Techniques for global memory disambiguation for a parallel architecture with compute slices are disclosed. A processing unit is accessed. The processing unit can be based on one or more integrated circuits or chips, application-specific chips, programmable chips, and so on. The processing unit includes various electronic elements that enhance the unit. The electronic elements include a plurality of compute slices, a control unit, a plurality of local memory disambiguation units (LMDUs), and a global memory disambiguation unit (GMDU). The electronic elements further include a memory system. Each compute slice within the plurality of compute slices includes at least one execution unit. Each compute unit is coupled to a successor compute slice and a predecessor compute slice. Each compute slice within the plurality of compute slices is coupled to a LMDU in the plurality of LMDUs. The LMDUs can be used to provide some or all data required by a memory access load operation. Each LMDU in the plurality of LMDUs is coupled to the GMDU. The GMDU can “look across” the plurality or LMDUs to provide some or all data required by a memory access load operation when the required data is not present in the LMDU coupled to its associated compute slice. A first compute slice in the plurality of compute slices executes a first slice task. The first slice task includes a load instruction, and the load instruction includes a load address. The control unit distributes the first slice task to the first compute slice. The slice task can include one or more instructions such as arithmetic, logic, and memory access instructions.

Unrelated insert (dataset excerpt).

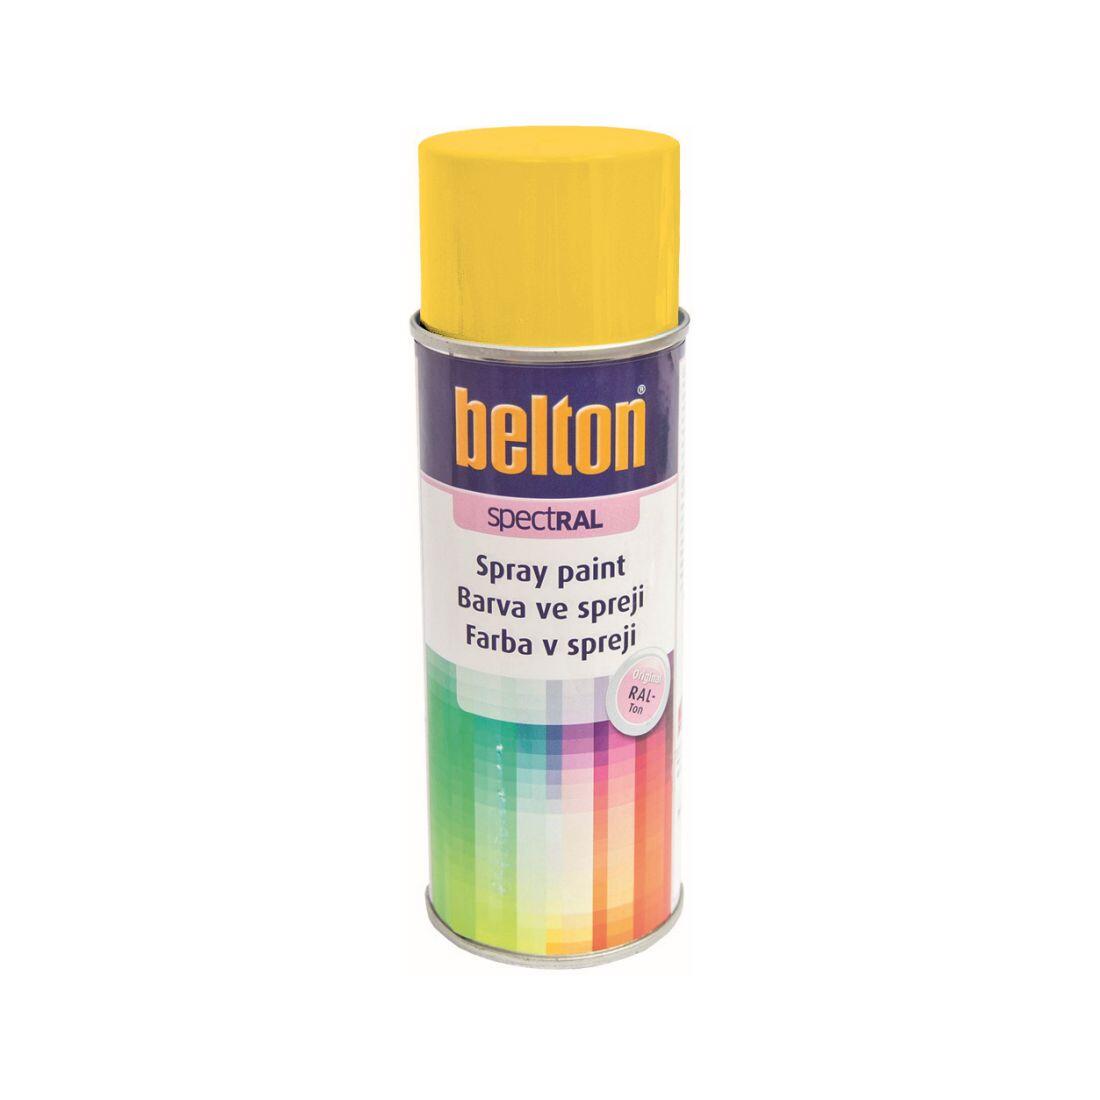 barva ve spreji BELTON RAL 1021, 400ml ŽL hořčičná 0.31 Kg MAXMIX Sklad14 825380 13

A processor-implemented method for checking memory operation is disclosed comprising: accessing a processing unit comprising a plurality of compute slices, a control unit, a plurality of local memory disambiguation units (LMDUs), and a global memory disambiguation unit (GMDU), wherein each compute slice within the plurality of compute slices includes at least one execution unit and is coupled to a successor compute slice and a predecessor compute slice, wherein each compute slice within the plurality of compute slices is coupled to an LMDU in the plurality of LMDUs, and wherein each LMDU in the plurality of LMDUs is coupled to the GMDU; executing, by a first compute slice in the plurality of compute slices, a first slice task, wherein the first slice task includes a load instruction, and wherein the load instruction includes a load address; issuing, by the first compute slice, the load instruction to a first LMDU within the first compute slice, wherein the issuing includes saving, in a memory operation table (MOT) within the first LMDU, load information associated with the load instruction; sending, by the first LMDU, the load information to the GMDU, wherein the load instruction was not fully serviced by the MOT, wherein the sending includes storing, in a global memory operation table (GMOT) within the GMDU, the load information; detecting, by the GMOT, address aliasing between the load address and an address of one or more previously issued memory instructions, wherein the address of the one or more previously issued memory instructions is saved in the GMOT; and forwarding, by the GMOT, to the MOT, memory information from the one or more previously issued memory instructions, wherein the memory information satisfies one or more bytes of data required for the load instruction. In embodiments, the saving includes checking, by the MOT, for an aliasing between the load address and a previously executed store instruction, wherein the aliasing is not detected. Some embodiments comprise coalescing, within the GMOT, one or more additional store instructions, wherein the one or more additional store instructions include a same store address, wherein the one or more additional store instructions are obtained from the first LMDU.

Various features, aspects, and advantages of various embodiments will become more apparent from the following further description.

BRIEF DESCRIPTION OF THE DRAWINGS

The following detailed description of certain embodiments may be understood by reference to the following figures wherein:

FIG. 1 is a flow diagram for global memory disambiguation for a parallel architecture with compute slices.

FIG. 2 is a flow diagram for forwarding memory information.

FIG. 3 is a block diagram for compute slice and load-store unit control.

FIG. 4 is a block diagram for a ring configuration of compute slices and load-store units.

FIG. 5 is a block diagram for MOT and GMOT communication.

FIG. 6 is an illustration of a global memory operation table (GMOT).

FIG. 7 is a first example of forwarding data with a GMOT.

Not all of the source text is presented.